In the command line, type the following to enter the HBase shell:

$ hbase shell

Then, run some general commands:

status: status gives details about the system like the number of servers and the average load. By default, you will get only a summary. Use status 'simple' or status 'detailed' for more output (notice the simple quotes for the command arguments).

version: version outputs the current version of HBase.

table help: table_help is like a man commands, it gives you explanations and example of how to manipulate tables in hbase.

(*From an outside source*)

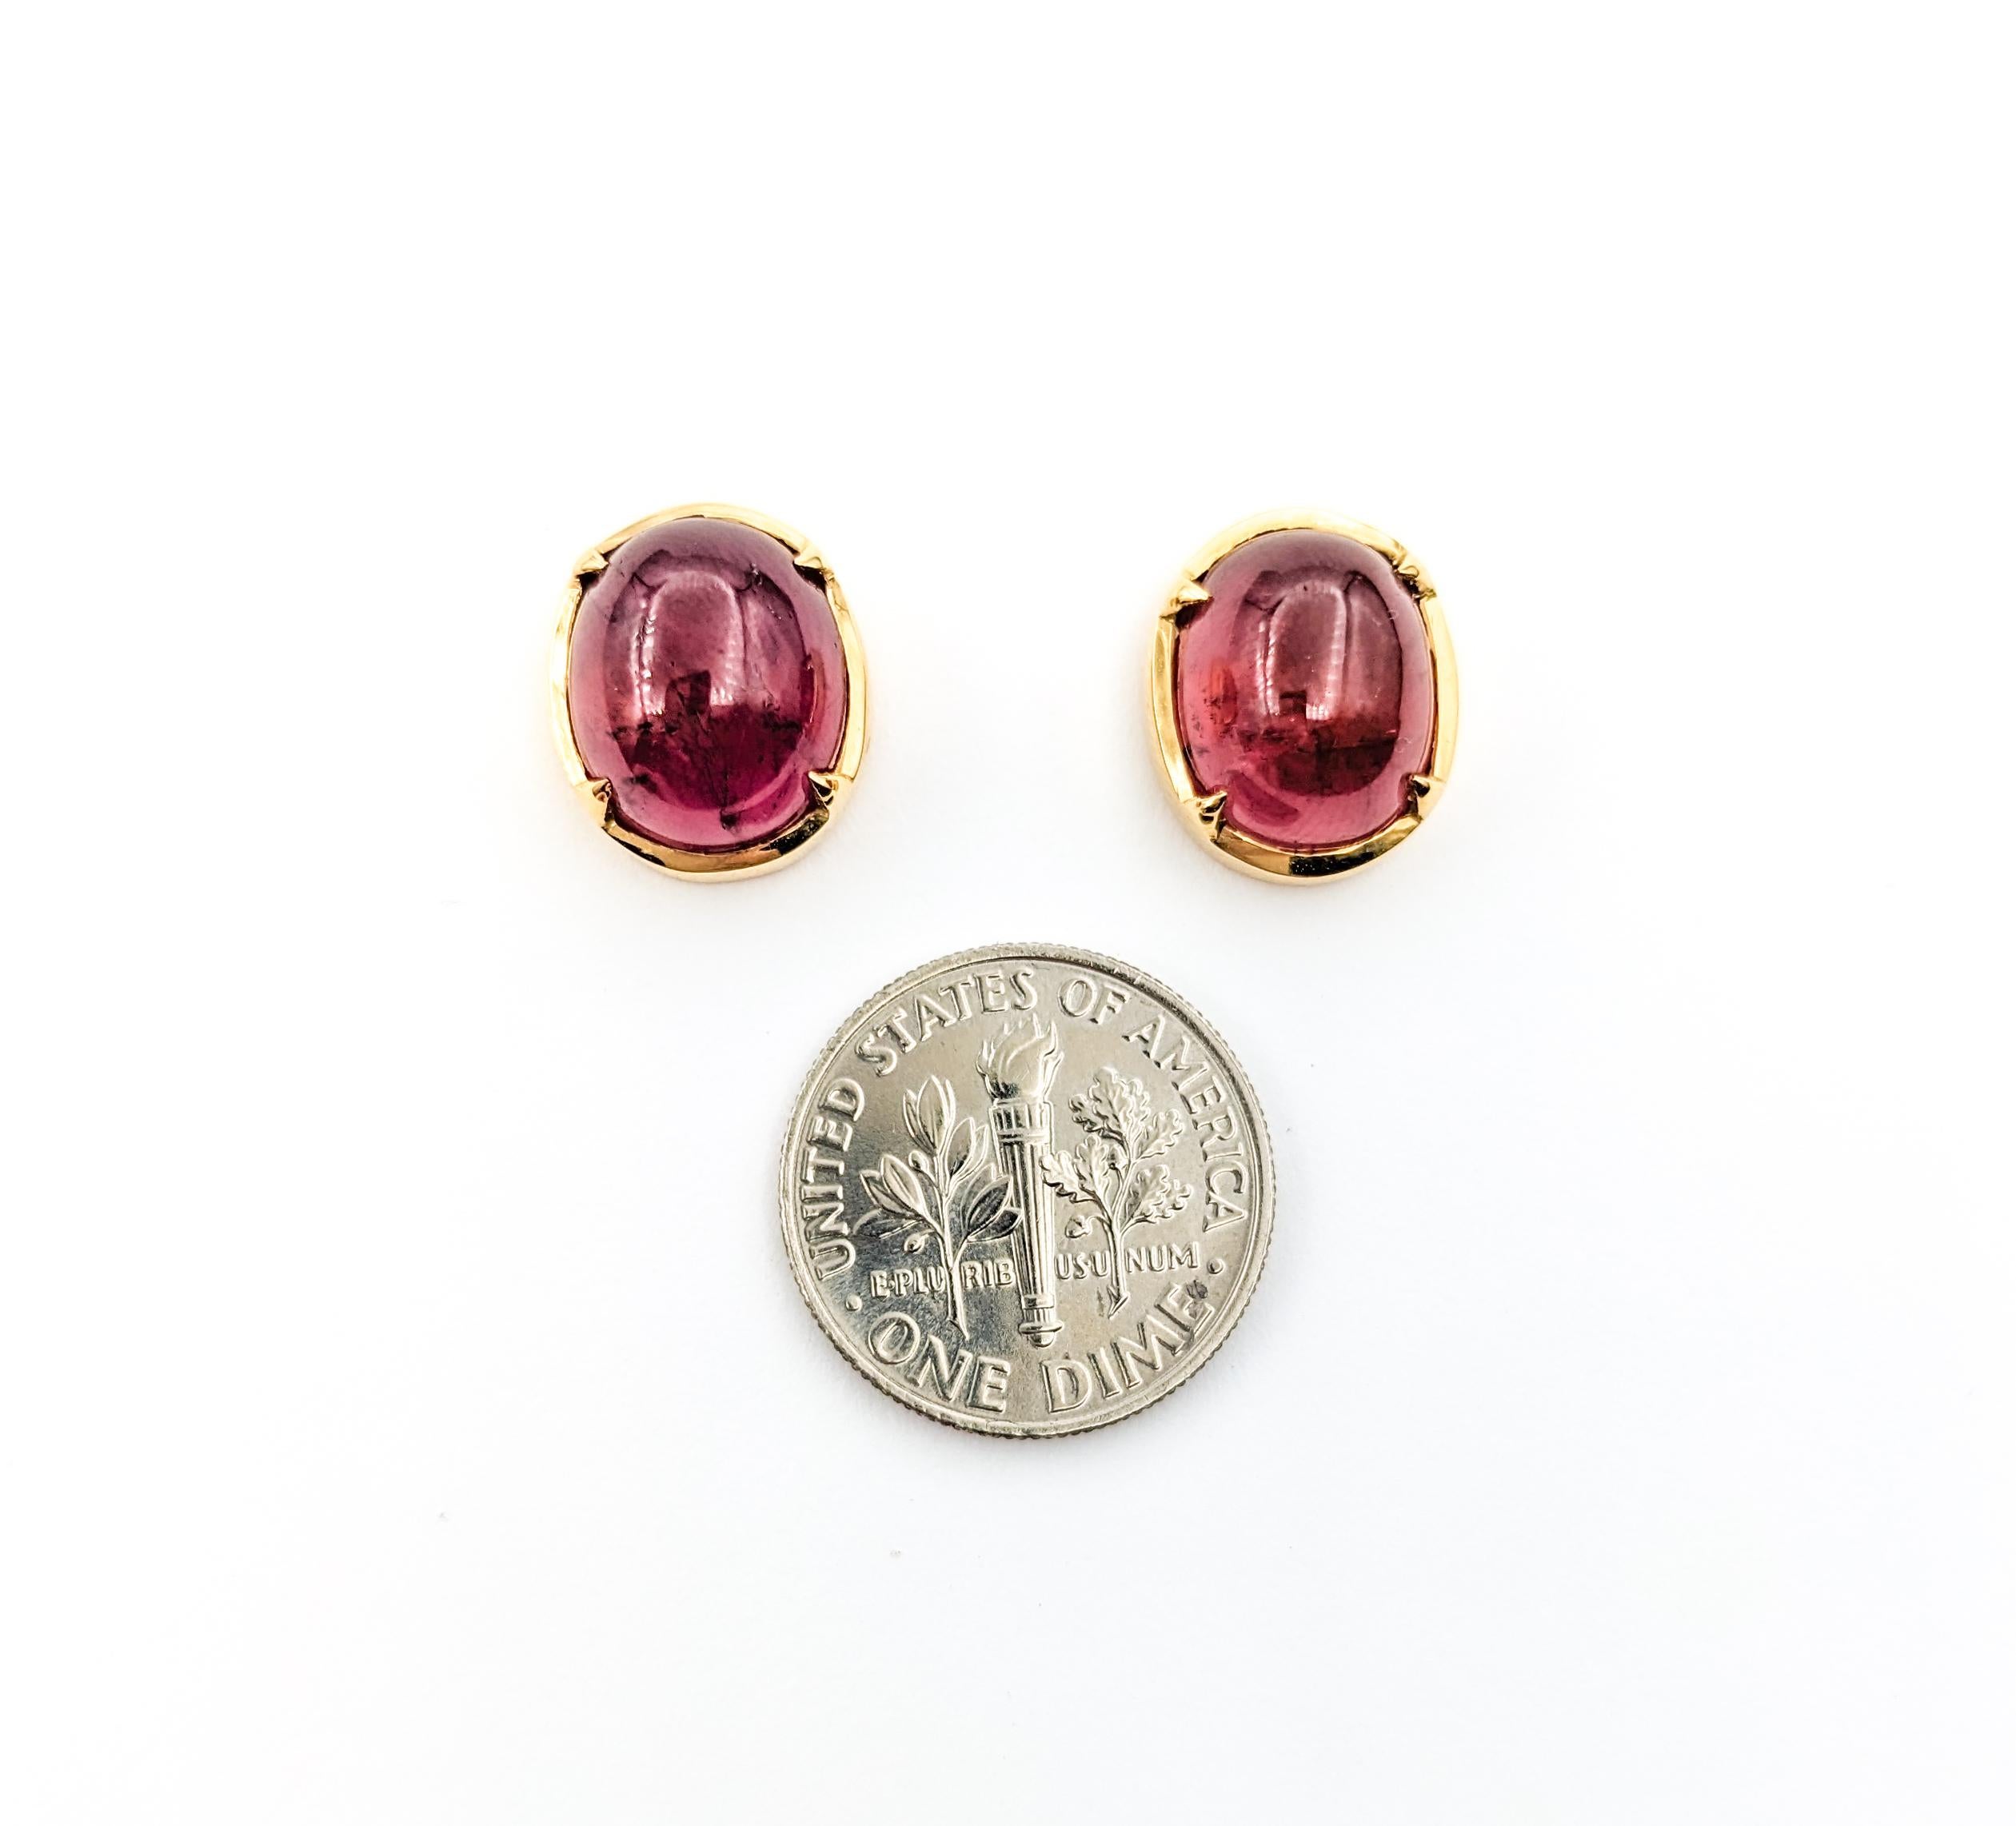 15.5ctw Cabochon Pink Tourmaline Earrings In Yellow Gold


These captivating earrings are masterfully crafted from 18kt yellow gold, featuring an impressive 15.5ctw of cabochon pink tourmaline. These luscious pink tourmalines stand out with their

whoami: whoami returns the current HBase user information from the HBase cluster.

Table manipulation

Now, here is the interesting stuff.

Table manipulations commands have similar names than SQL, but their syntax is quite different. Here is a list of available commands:

Here, you cover only some of them.

Create a table and add data to it

Create a simple table named students with two column families:

create 'students','account','address'

You can now ask the system about the table you created by running:

describe 'students'

COLUMN FAMILIES DESCRIPTION   

{NAME => 'account', BLOOMFILTER => 'ROW', VERSIONS => '1',
IN_MEMORY => 'false', KEEP_DELETED_CELLS => 'FALSE',
DATA_BLOCK_ENCODING => 'NONE', TTL => 'FOREVER', COMPRESSION => 'NONE',
MIN_VERSIONS => '0', BLOCKCACHE => 'true', BLOCKSIZE => '65536', REPLICATION_SCOPE => '0'}  

{NAME => 'address', BLOOMFILTER => 'ROW', VERSIONS => '1',
IN_MEMORY => 'false', KEEP_DELETED_CELLS => 'FALSE',
DATA_BLOCK_ENCODING => 'NONE', TTL => 'FOREVER', COMPRESSION => 'NONE',
MIN_VERSIONS => '0', BLOCKCACHE => 'true', BLOCKSIZE => '65536', REPLICATION_SCOPE => '0'}  

The table seems fine and the two column families are present. Note also the "VERSIONS" here, which is set to 1. It means that when you update a record, the previous values will not be kept.

Now, let's add data.

Adding data to a table is not like SQL. Indeed, we use one put command for each new column in a row. A row is determined by its row key. Here, we create four rows/students, with information scattered across two column families:

put 'students','student1','account:name','Alice'
put 'students','student1','address:street','123 Ballmer Av'
put 'students','student1','address:zipcode','12345'
put 'students','student1','address:state','CA'
put 'students','student2','account:name','Bob'
put 'students','student2','address:street','1 Infinite Loop'
put 'students','student2','address:zipcode','12345'
put 'students','student2','address:state','CA'
put 'students','student3','account:name','Frank'
put 'students','student3','address:street','435 Walker Ct'
put 'students','student3','address:zipcode','12345'
put 'students','student3','address:state','CA'
put 'students','student4','account:name','Mary'
put 'students','student4','address:street','56 Southern Pkwy'
put 'students','student4','address:zipcode','12345'
put 'students','student4','address:state','CA'

It is also possible to save the above into a txt file and then run the command data.txt | hbase shell.

Run simple queries

First, let check that the data were properly inserted:

count 'students'
=> 4

We have four rows. Let's display them:

scan 'students'

ROW        COLUMN+CELL
student1   column=account:name, timestamp=1466600657594, value=Alice
student1   column=address:state, timestamp=1466600657801, value=CA
...  

As you can see, each "line" we inserted contains more than the information we put. Indeed, column families must be defined during the creation of the table, but after that, you can put whatever column you want. It is even possible to have completely different columns for each row. So, for each column of a row, you have its name (<column family>:<column name>), its value and a timestamp. This timestamp is used for versioning.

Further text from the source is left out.